ASSIGNMENT: Word for word, restate all of the entries.

SOURCE INFORMATION:
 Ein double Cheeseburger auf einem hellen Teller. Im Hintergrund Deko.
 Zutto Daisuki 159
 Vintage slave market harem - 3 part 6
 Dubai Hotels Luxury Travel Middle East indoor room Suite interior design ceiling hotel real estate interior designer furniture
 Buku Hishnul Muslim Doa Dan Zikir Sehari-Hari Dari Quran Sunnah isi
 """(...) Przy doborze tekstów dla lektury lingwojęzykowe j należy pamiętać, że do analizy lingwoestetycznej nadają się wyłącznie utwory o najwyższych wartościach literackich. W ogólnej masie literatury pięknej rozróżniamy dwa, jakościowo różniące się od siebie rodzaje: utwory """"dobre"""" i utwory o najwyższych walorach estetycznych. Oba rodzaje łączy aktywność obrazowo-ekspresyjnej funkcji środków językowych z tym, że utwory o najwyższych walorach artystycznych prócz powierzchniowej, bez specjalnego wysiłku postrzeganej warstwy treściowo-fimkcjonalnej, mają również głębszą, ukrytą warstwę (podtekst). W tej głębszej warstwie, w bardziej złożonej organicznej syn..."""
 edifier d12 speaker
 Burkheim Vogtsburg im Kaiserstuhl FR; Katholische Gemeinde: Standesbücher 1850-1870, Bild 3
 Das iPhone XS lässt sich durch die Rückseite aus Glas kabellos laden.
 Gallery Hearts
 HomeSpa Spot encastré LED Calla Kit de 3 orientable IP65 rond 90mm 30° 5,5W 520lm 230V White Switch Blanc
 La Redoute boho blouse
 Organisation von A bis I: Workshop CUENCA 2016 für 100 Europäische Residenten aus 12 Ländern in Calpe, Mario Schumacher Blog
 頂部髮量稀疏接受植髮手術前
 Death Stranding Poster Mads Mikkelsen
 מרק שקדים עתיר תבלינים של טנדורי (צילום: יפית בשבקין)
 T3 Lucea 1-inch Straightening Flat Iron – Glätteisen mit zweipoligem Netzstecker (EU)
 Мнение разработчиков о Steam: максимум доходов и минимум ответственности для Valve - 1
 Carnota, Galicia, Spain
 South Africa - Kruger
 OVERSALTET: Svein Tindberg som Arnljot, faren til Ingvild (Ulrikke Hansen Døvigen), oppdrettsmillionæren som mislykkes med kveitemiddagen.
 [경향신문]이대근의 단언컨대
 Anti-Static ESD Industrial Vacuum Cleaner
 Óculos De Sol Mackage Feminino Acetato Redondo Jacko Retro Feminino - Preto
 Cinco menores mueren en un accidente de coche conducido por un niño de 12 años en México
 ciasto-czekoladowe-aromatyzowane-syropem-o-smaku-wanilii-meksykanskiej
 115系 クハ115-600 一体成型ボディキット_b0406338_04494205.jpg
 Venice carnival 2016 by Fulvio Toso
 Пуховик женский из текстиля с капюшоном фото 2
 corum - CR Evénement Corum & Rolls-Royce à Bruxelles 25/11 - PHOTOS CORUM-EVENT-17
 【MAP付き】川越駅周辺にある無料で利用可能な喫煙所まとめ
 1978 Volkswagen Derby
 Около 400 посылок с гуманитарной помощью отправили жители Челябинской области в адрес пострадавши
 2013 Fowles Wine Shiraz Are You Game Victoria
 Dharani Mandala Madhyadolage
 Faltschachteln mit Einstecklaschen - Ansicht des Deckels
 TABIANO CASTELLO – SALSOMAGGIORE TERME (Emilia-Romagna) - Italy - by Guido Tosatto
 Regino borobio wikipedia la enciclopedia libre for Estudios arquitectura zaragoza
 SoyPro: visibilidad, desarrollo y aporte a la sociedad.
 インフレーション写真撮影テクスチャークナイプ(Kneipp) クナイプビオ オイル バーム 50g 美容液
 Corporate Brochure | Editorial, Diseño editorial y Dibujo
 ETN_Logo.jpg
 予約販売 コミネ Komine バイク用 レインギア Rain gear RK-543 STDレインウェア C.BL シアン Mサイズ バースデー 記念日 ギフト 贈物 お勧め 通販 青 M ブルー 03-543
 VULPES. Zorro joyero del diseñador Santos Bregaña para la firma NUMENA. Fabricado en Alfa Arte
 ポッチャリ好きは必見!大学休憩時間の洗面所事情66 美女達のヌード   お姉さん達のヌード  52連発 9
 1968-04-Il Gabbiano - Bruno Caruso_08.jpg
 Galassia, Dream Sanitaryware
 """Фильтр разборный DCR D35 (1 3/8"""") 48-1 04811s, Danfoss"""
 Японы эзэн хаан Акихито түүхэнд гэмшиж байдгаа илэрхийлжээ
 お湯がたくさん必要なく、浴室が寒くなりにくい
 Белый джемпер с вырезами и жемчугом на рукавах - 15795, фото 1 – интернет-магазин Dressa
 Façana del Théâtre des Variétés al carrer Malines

EXPECTED OUTPUT:
 Ein double Cheeseburger auf einem hellen Teller. Im Hintergrund Deko.
 Zutto Daisuki 159
 Vintage slave market harem - 3 part 6
 Dubai Hotels Luxury Travel Middle East indoor room Suite interior design ceiling hotel real estate interior designer furniture
 Buku Hishnul Muslim Doa Dan Zikir Sehari-Hari Dari Quran Sunnah isi
 """(...) Przy doborze tekstów dla lektury lingwojęzykowe j należy pamiętać, że do analizy lingwoestetycznej nadają się wyłącznie utwory o najwyższych wartościach literackich. W ogólnej masie literatury pięknej rozróżniamy dwa, jakościowo różniące się od siebie rodzaje: utwory """"dobre"""" i utwory o najwyższych walorach estetycznych. Oba rodzaje łączy aktywność obrazowo-ekspresyjnej funkcji środków językowych z tym, że utwory o najwyższych walorach artystycznych prócz powierzchniowej, bez specjalnego wysiłku postrzeganej warstwy treściowo-fimkcjonalnej, mają również głębszą, ukrytą warstwę (podtekst). W tej głębszej warstwie, w bardziej złożonej organicznej syn..."""
 edifier d12 speaker
 Burkheim Vogtsburg im Kaiserstuhl FR; Katholische Gemeinde: Standesbücher 1850-1870, Bild 3
 Das iPhone XS lässt sich durch die Rückseite aus Glas kabellos laden.
 Gallery Hearts
 HomeSpa Spot encastré LED Calla Kit de 3 orientable IP65 rond 90mm 30° 5,5W 520lm 230V White Switch Blanc
 La Redoute boho blouse
 Organisation von A bis I: Workshop CUENCA 2016 für 100 Europäische Residenten aus 12 Ländern in Calpe, Mario Schumacher Blog
 頂部髮量稀疏接受植髮手術前
 Death Stranding Poster Mads Mikkelsen
 מרק שקדים עתיר תבלינים של טנדורי (צילום: יפית בשבקין)
 T3 Lucea 1-inch Straightening Flat Iron – Glätteisen mit zweipoligem Netzstecker (EU)
 Мнение разработчиков о Steam: максимум доходов и минимум ответственности для Valve - 1
 Carnota, Galicia, Spain
 South Africa - Kruger
 OVERSALTET: Svein Tindberg som Arnljot, faren til Ingvild (Ulrikke Hansen Døvigen), oppdrettsmillionæren som mislykkes med kveitemiddagen.
 [경향신문]이대근의 단언컨대
 Anti-Static ESD Industrial Vacuum Cleaner
 Óculos De Sol Mackage Feminino Acetato Redondo Jacko Retro Feminino - Preto
 Cinco menores mueren en un accidente de coche conducido por un niño de 12 años en México
 ciasto-czekoladowe-aromatyzowane-syropem-o-smaku-wanilii-meksykanskiej
 115系 クハ115-600 一体成型ボディキット_b0406338_04494205.jpg
 Venice carnival 2016 by Fulvio Toso
 Пуховик женский из текстиля с капюшоном фото 2
 corum - CR Evénement Corum & Rolls-Royce à Bruxelles 25/11 - PHOTOS CORUM-EVENT-17
 【MAP付き】川越駅周辺にある無料で利用可能な喫煙所まとめ
 1978 Volkswagen Derby
 Около 400 посылок с гуманитарной помощью отправили жители Челябинской области в адрес пострадавши
 2013 Fowles Wine Shiraz Are You Game Victoria
 Dharani Mandala Madhyadolage
 Faltschachteln mit Einstecklaschen - Ansicht des Deckels
 TABIANO CASTELLO – SALSOMAGGIORE TERME (Emilia-Romagna) - Italy - by Guido Tosatto
 Regino borobio wikipedia la enciclopedia libre for Estudios arquitectura zaragoza
 SoyPro: visibilidad, desarrollo y aporte a la sociedad.
 インフレーション写真撮影テクスチャークナイプ(Kneipp) クナイプビオ オイル バーム 50g 美容液
 Corporate Brochure | Editorial, Diseño editorial y Dibujo
 ETN_Logo.jpg
 予約販売 コミネ Komine バイク用 レインギア Rain gear RK-543 STDレインウェア C.BL シアン Mサイズ バースデー 記念日 ギフト 贈物 お勧め 通販 青 M ブルー 03-543
 VULPES. Zorro joyero del diseñador Santos Bregaña para la firma NUMENA. Fabricado en Alfa Arte
 ポッチャリ好きは必見!大学休憩時間の洗面所事情66 美女達のヌード   お姉さん達のヌード  52連発 9
 1968-04-Il Gabbiano - Bruno Caruso_08.jpg
 Galassia, Dream Sanitaryware
 """Фильтр разборный DCR D35 (1 3/8"""") 48-1 04811s, Danfoss"""
 Японы эзэн хаан Акихито түүхэнд гэмшиж байдгаа илэрхийлжээ
 お湯がたくさん必要なく、浴室が寒くなりにくい
 Белый джемпер с вырезами и жемчугом на рукавах - 15795, фото 1 – интернет-магазин Dressa
 Façana del Théâtre des Variétés al carrer Malines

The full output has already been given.